Hypoglossal Nerve Stimulation

For people who cannot use or tolerate CPAP, an implanted nerve stimulator offers another option. The FDA-approved Inspire system works by delivering mild electrical stimulation to the nerve that controls tongue movement, keeping the airway open during sleep. A small device is surgically implanted in the chest, similar to a pacemaker, and you activate it with a remote control before bed.

Eligibility is specific. You need to be 22 or older (18 in some cases), have moderate to severe apnea with an AHI between 15 and 100, and have already tried and failed CPAP. One key requirement: your airway cannot have complete concentric collapse at the soft palate, because the device works by moving the tongue forward rather than opening the palate. A drug-induced sleep endoscopy is typically performed beforehand to check this. Adolescents aged 13 to 18 with Down syndrome and severe apnea also qualify under specific conditions.

Surgical Options

Several surgical procedures can permanently alter airway anatomy. The most effective is maxillomandibular advancement (MMA), which moves both the upper and lower jaw forward to enlarge the airway space behind the tongue and soft palate. According to Mayo Clinic data, more than half of patients who undergo MMA achieve complete elimination of sleep apnea, with AHI dropping below 5. The vast majority of patients, even those with severe apnea, have a successful outcome.
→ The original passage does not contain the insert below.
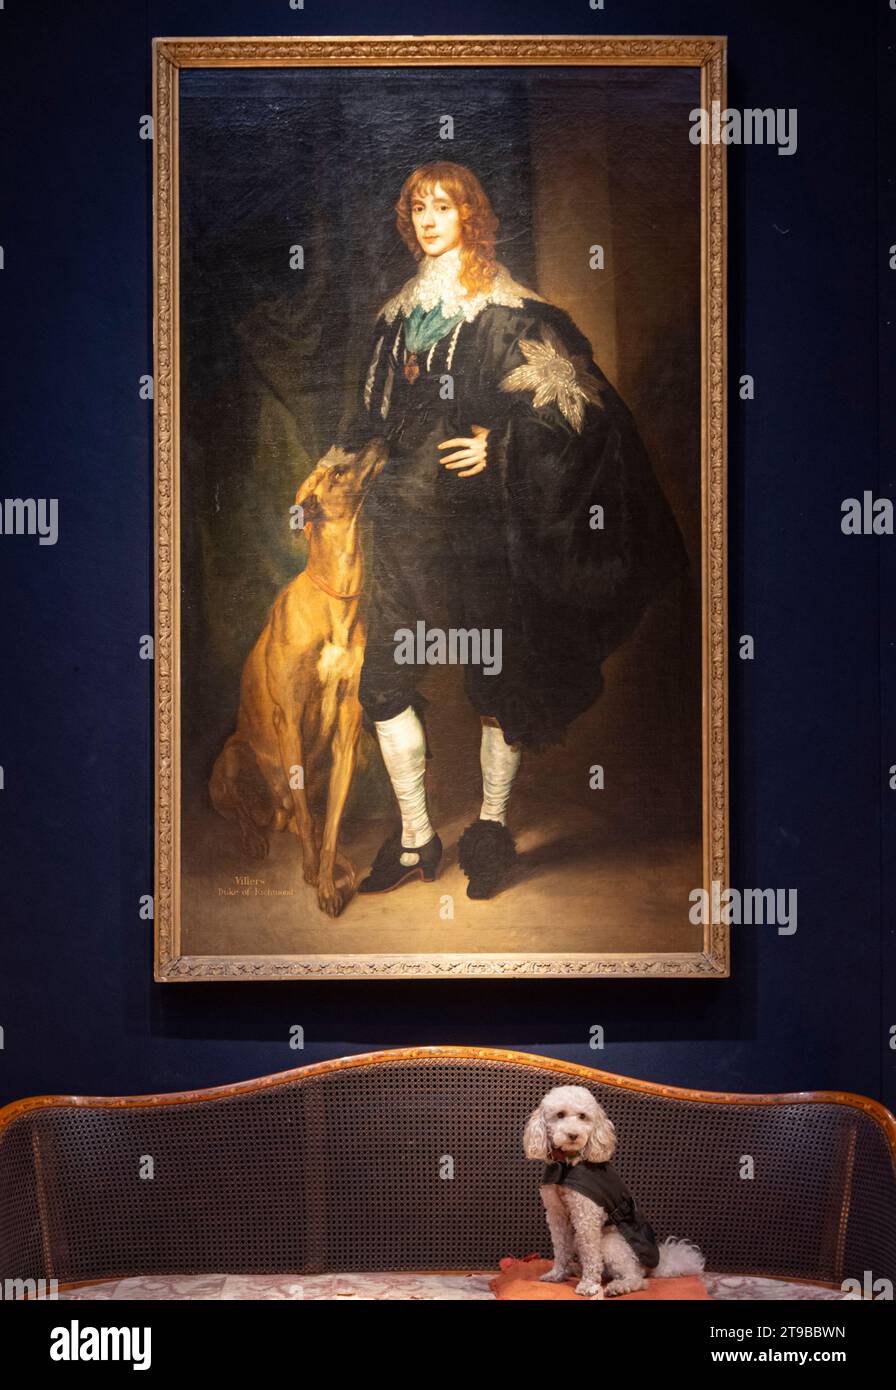 London, UK. 24th Nov, 2023. Christie's unveil the full pre-sale exhibition ahead of the auction of Ombersley Court: The Collection of Lord and Lady Sandys on 29 Nov 2023. Image: Follower of Sir Anthony Van Dyck, Portrait of James Stuart, 4th Duke of Lennox and 1st Duke of Richmond (1612-1655), full-length, wearing the star and Garter of the Order of the Garter, with his hound at his feet. Estimate £5,000-8,000. Credit: Malcolm Park/Alamy Live News Stock Photo

One common misconception is that jaw surgery only works for people with small or recessed jaws. In practice, patients with normal bone structure whose apnea comes from excess soft tissue or obesity also see good results. MMA is a significant surgery with a recovery period of several weeks, and it does change facial appearance slightly, typically moving the jawline forward. It’s generally considered when other treatments have failed or when a patient wants a more permanent solution.

Other surgical options include procedures to remove or reduce tissue in the throat, reposition the tongue base, or address nasal obstruction. These tend to have more variable success rates and are often used in combination rather than alone. Tonsil and adenoid removal is the first-line surgical treatment in children with sleep apnea, where it resolves the condition in the majority of cases.
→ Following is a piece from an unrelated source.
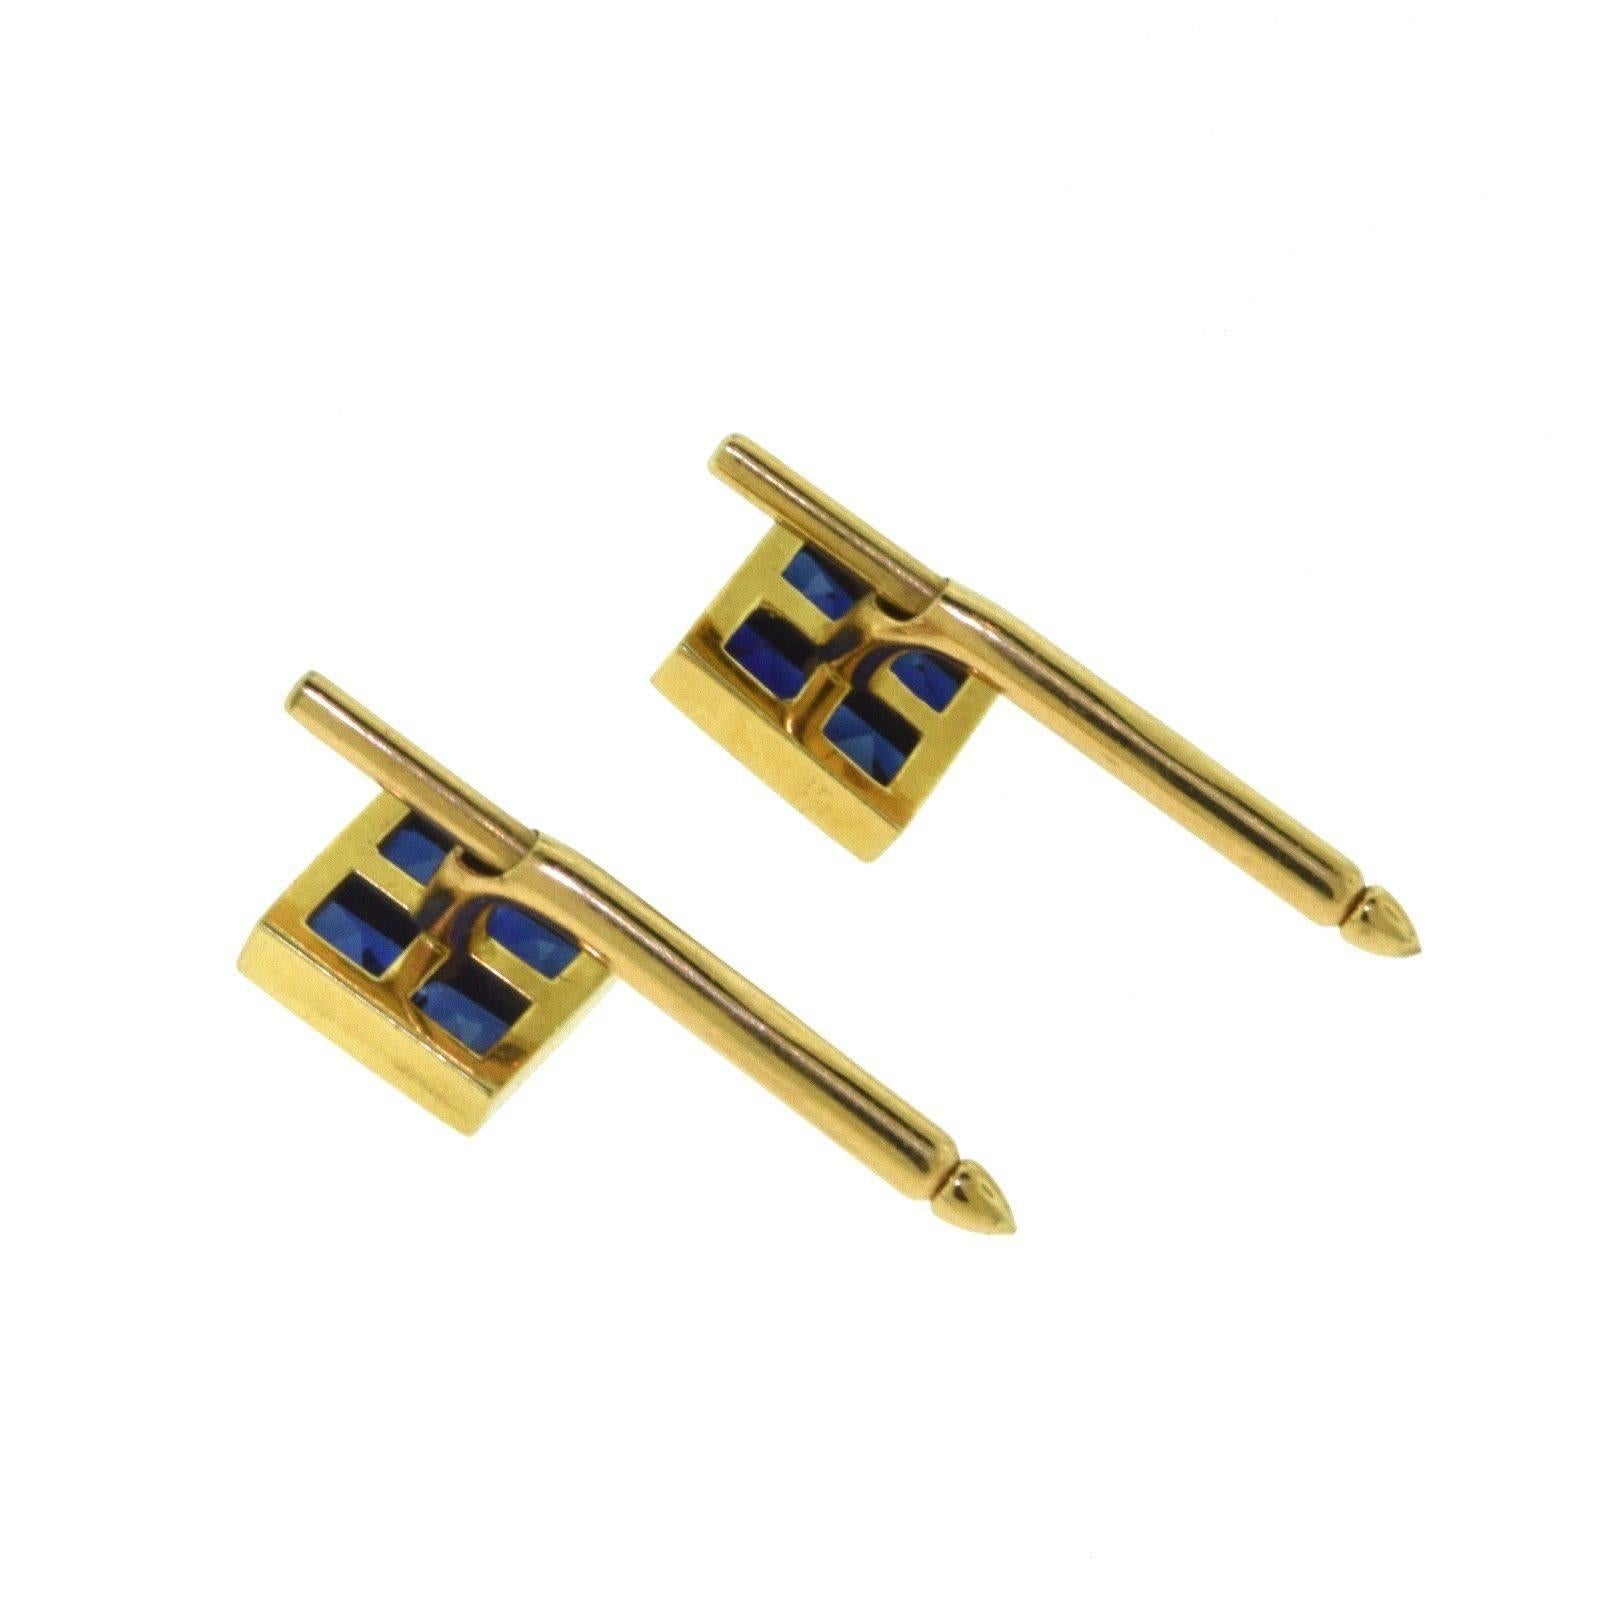 Beautiful sapphires set in 18K yellow gold bar cufflinks and 2 stud set by Van Cleef & Arpels, circa 1970s. They feature gorgeous sapphires and the bars can be removed to fit other bars of different materials if available. Expertly made with great

Can Sleep Apnea Be Fully Cured?

The answer depends on what’s driving it. If your apnea is primarily caused by excess weight, significant weight loss can eliminate it entirely. If it’s caused by enlarged tonsils, removing them can be curative. Jaw surgery cures it in a substantial percentage of patients. Positional therapy can normalize AHI in people whose apnea is position-dependent.
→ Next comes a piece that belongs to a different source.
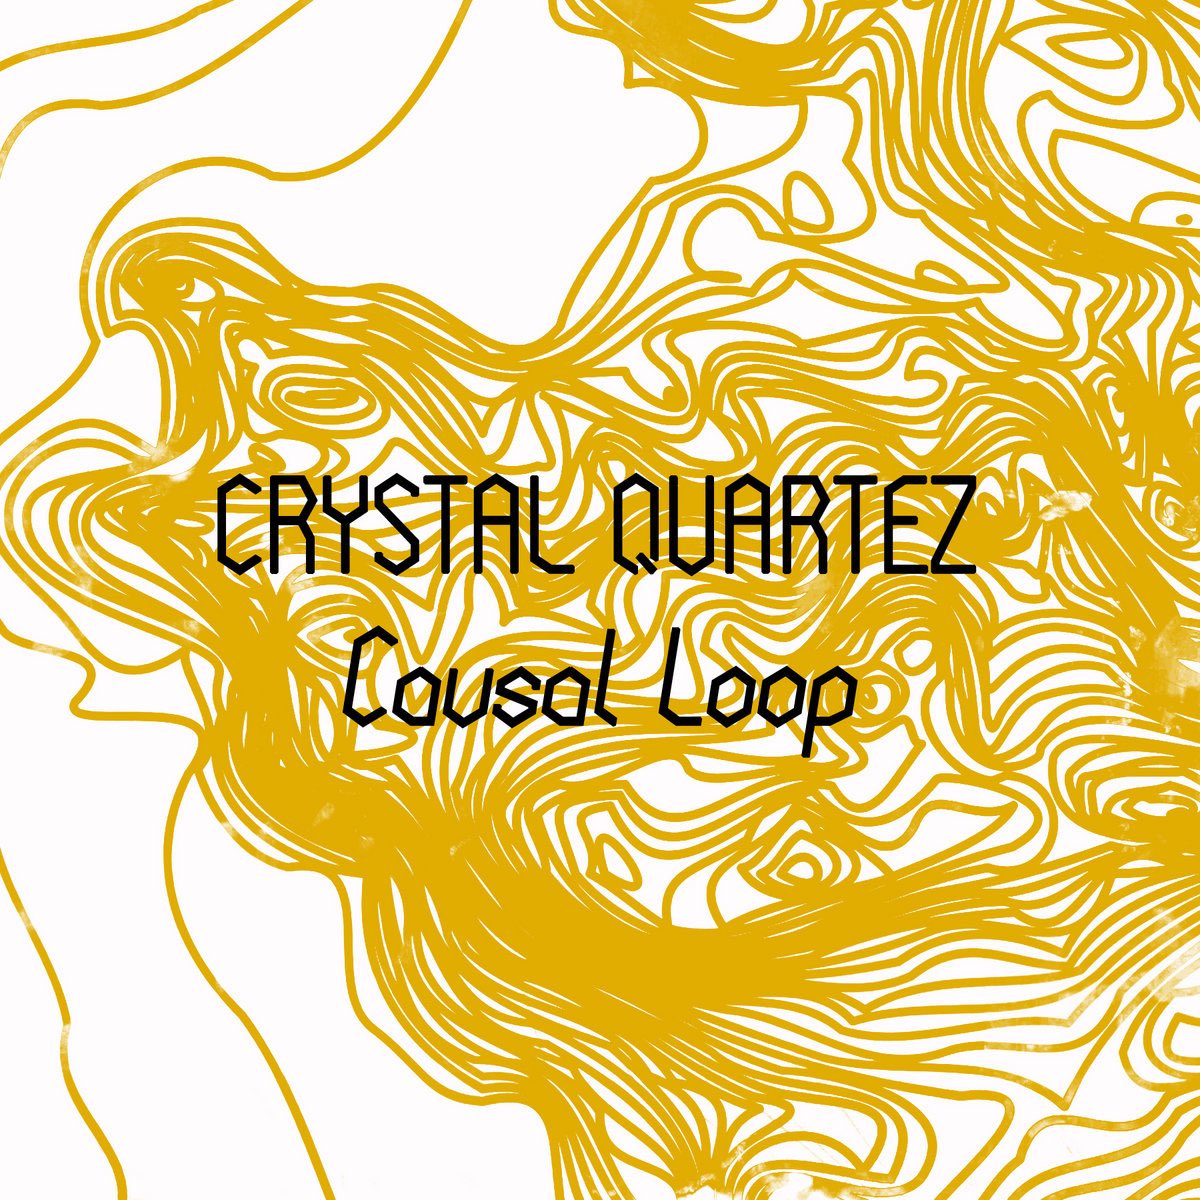 57. Crystal Quartez - Causal Loop (local artist makes a legit great synthy new wave record)

For many adults, though, sleep apnea is a chronic condition influenced by multiple factors: anatomy, muscle tone, aging, and body composition. In these cases, the goal shifts from cure to effective long-term management. CPAP, oral appliances, and nerve stimulation don’t change your anatomy, so apnea returns when you stop using them. The most realistic path for most people is finding a treatment you’ll actually use consistently, combined with lifestyle changes that reduce severity over time.